‘Cabbage Patch’ by Denise Bennett is a poetic reflection on a painting by Portsmouth artist Edward King (1862 – 1951). Bennett’s poetry often draws on artworks displayed at Portsmouth Museum and Art Gallery and this one reflects on an unhappy period in King’s life, but also of the restorative and salutary effects of art and landscape. As Bennett reflects, ‘Edward King was a patient at St James’ psychiatric hospital, Portsmouth for over 25 years. During WW2 he was appointed as the war artist for the city and painted many scenes of the blitz damage. He also painted the grounds of the hospital. He originally studied art at Leipzig and by 1904 he had exhibited 54 paintings at the Royal Academy. He was committed to St James’ in 1925 after he suffered a breakdown when his wife died. He died of a stroke in 1951’.
With her usual keen eye for the passage of time, the poem vividly collides King’s life with the present, as building works go on at the site, and does a beautiful job of maintaining the city’s cultural memory against the depredations of time. The poem, perhaps one of Bennett’s finest, is quoted here with her kind permission.
Cabbage Patch
After the painting, The Cabbage Field by Edward King 1862–1951
I step out from the ward
into the quiet afternoon –
load my brush to paint
the thin, white, drum-skin sky
that stretches far away
to the house on the hill –
start to paint the cabbage field,
vegetables laid out in tight rows
like the hospital bedsteads,
so close, we scrabble up from the foot
to climb in. No space to pray.
By day, patients come
in their rough grey uniforms
to till the field, free
to take a daily dose of salty air.
Warmed by the sun,
buffeted by the wind, they sing.
Today surveyors tramp the site
in hi-vis jackets, hard hats,
with measuring sticks, theodolites,
clipboards – busy making plans
for executive houses.
No one remembers the farm now:
the thatched barn,
row of cool, cypress trees,
potting sheds, the piggery,
cabbage patch –
patient’s hands that worked the land.
Denise Bennett was born in Festing Road Southsea and has lived locally all her life. She had her first poem accepted by her school magazine, The Hot Potato, when she attended John Pounds School, Portsea. As many people know, John Pounds was a pioneer of education for ragged children in Portsmouth. Denise has an MA in creative writing and is a widely published, prize winning poet. She was awarded the inaugural Hamish Canham Prize by the Poetry Society in 2004. Denise has three excellent collections: Planting the Snow Queen (2011) and Parachute Silk (2015) and Water Chits (2017). She has also written a sequence of poems about the loss of HMS Royal George which foundered off Spithead in 1782, with the loss of over 900 lives. In 2010 she co-edited the wonderful anthology, This Island City: Portsmouth in Poetry with Maggie Sawkins and Dale Gunthorp.

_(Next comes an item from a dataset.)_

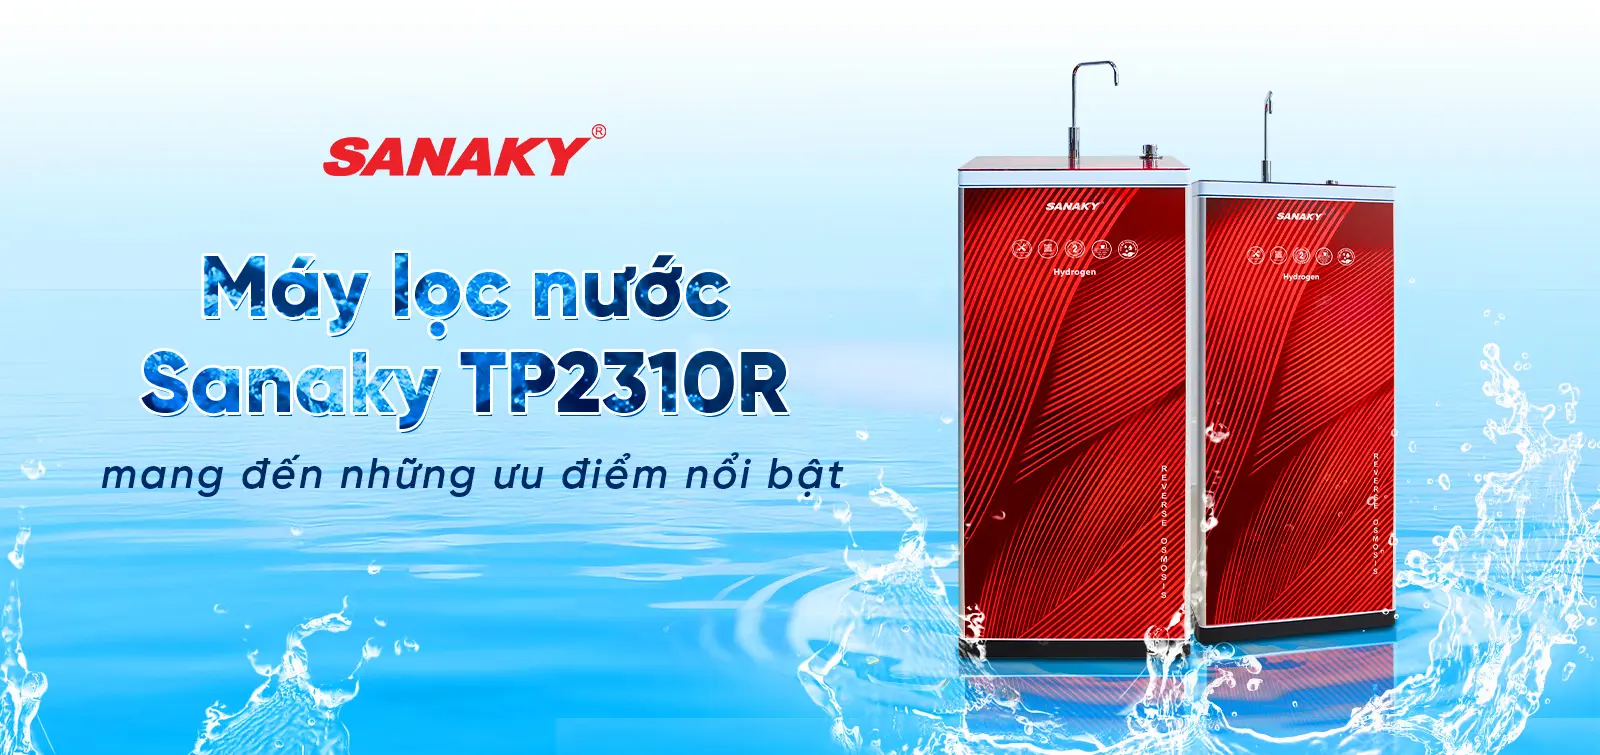 Máy lọc nước Sanaky TP2310R mang đến những ưu điểm nổi bật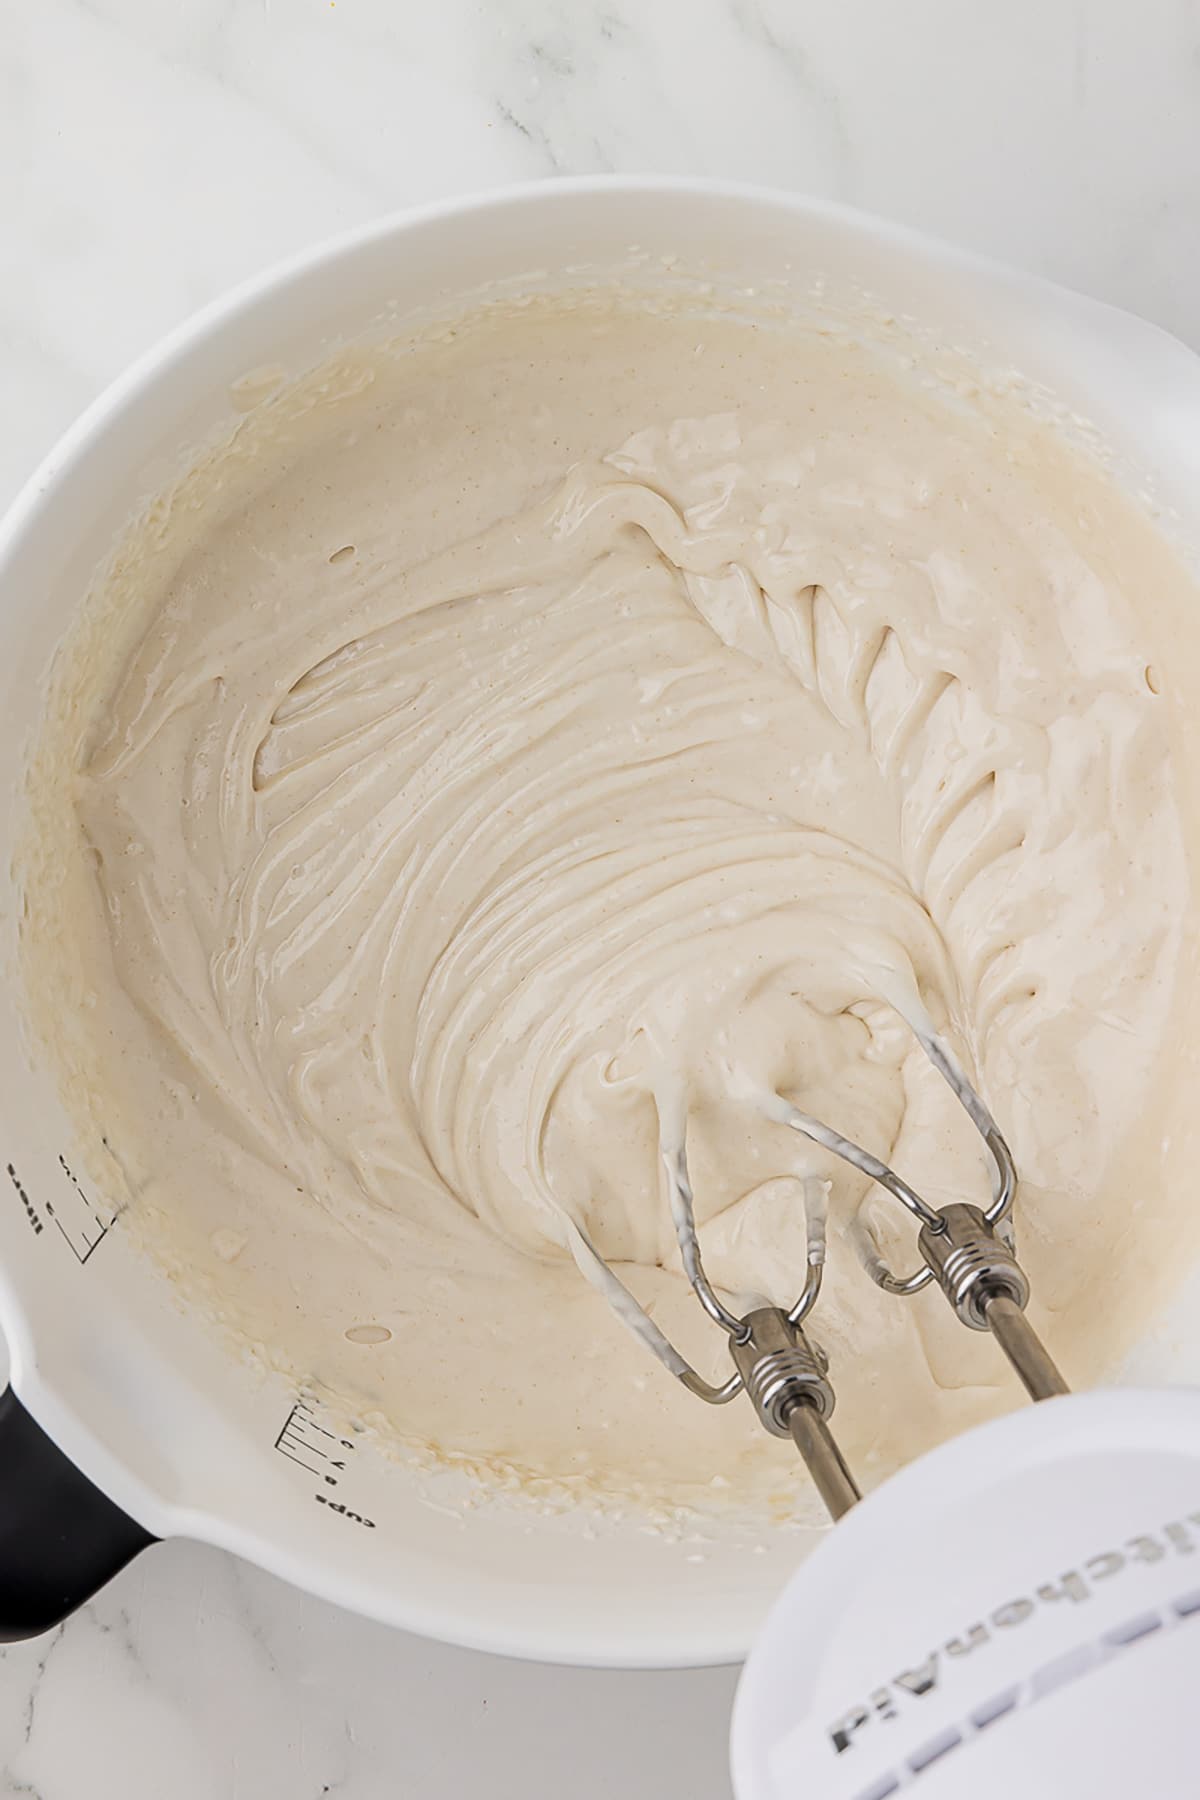 kitchenaid mixer in white batter bowl mixing cake goop

Local history often inspires Denise’s work and many of her poems are about specific areas in the city. Denise is the stanza rep for the Poetry Society the secretary of the Portsmouth Poetry Society. She has been a long time member of the Tongues and Grooves poetry and music club, and often reads her work in public. She has taught creative writing for Portsmouth College, as part of their adult education programme, for twenty eight years, and runs poetry workshops for Portsmouth City Museum and Portsmouth libraries as part of Bookfest. She continues to run poetry workshops in community settings and also facilitates two writing groups for Havant U3A. In 2014, she was involved, alongside local artist and photographer, Jacky Dillon, and other local poets, in a photography and art project, England Remembered about the First World War. This culminated in a presentation at Art Space in Brougham Road, Southsea. In 2019, as part of the Dark Side Port Side project, the digital walking trail called Sailortown she made a poetry film, Blossom Alley which can be heard here. Denise continues to find much inspiration for her poetry in the city.